Nitrogen self-doped porous carbon material derived from aluminum-based metal-organic framework for symmetric supercapacitor 对称超级电容器用铝基金属有机骨架氮自掺杂多孔碳材料

IF 7.9 2区工程技术 Q1 CHEMISTRY, PHYSICAL

Journal of Power Sources

Pub Date : 2026-02-07 DOI: 10.1016/j.jpowsour.2026.239559

Xingyao Li, Ruijie Xu, Beili Wang, Zhen Lu , Xiaolun Peng, Yazhen Wang

Metal-organic framework materials (MOFs), featuring high porosity and large specific surface area, are considered as promising precursors for fabricating porous carbon materials. Here, nitrogen self-doped porous carbon materials derived from aluminum-based metal-organic framework (Al-MOF) are successfully prepared via one-step annealing method under different temperatures and durations. The impacts of carbonization temperature and time on the structure and electrochemical performance of porous carbon materials are systematically investigated. Notably, the as-prepared porous carbon materials exhibit an amorphous graphitic structure with a large specific surface area and hierarchical pore system. Among all samples, NC-900-5 (carbonized at 900 °C for 5 h) demonstrates exceptional electrochemical performance: it delivers a high specific capacitance of 224 F/g at a current density of 0.5 A/g and maintains an outstanding cycling stability with 90.4 % capacitance retention after 30000 charge-discharge cycles at 15 A/g. More importantly, the symmetric supercapacitor assembled with NC-900-5 achieves a high energy density of 11.4 Wh/kg in a 6 M KOH electrolyte. This work provides a foundation for the subsequent development of high-performance electrode materials.

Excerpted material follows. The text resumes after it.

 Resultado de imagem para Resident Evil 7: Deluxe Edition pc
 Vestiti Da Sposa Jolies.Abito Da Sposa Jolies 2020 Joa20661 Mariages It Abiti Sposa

金属有机骨架材料（MOFs）具有高孔隙率和大比表面积的特点，被认为是制备多孔碳材料的前驱体。本文采用一步退火的方法，在不同温度和时间下成功制备了铝基金属有机骨架（Al-MOF）的氮自掺杂多孔碳材料。系统研究了碳化温度和碳化时间对多孔碳材料结构和电化学性能的影响。值得注意的是，制备的多孔碳材料呈现出具有大比表面积和分层孔系统的非晶石墨结构。在所有样品中，rc -900-5（在900°C下碳化5小时）表现出优异的电化学性能：在0.5 a /g电流密度下，它提供了224 F/g的高比电容，并在15 a /g下进行30000次充放电循环后保持了90.4%的电容保持率。更重要的是，用NC-900-5组装的对称超级电容器在6 M KOH的电解液中实现了11.4 Wh/kg的高能量密度。这项工作为后续高性能电极材料的开发奠定了基础。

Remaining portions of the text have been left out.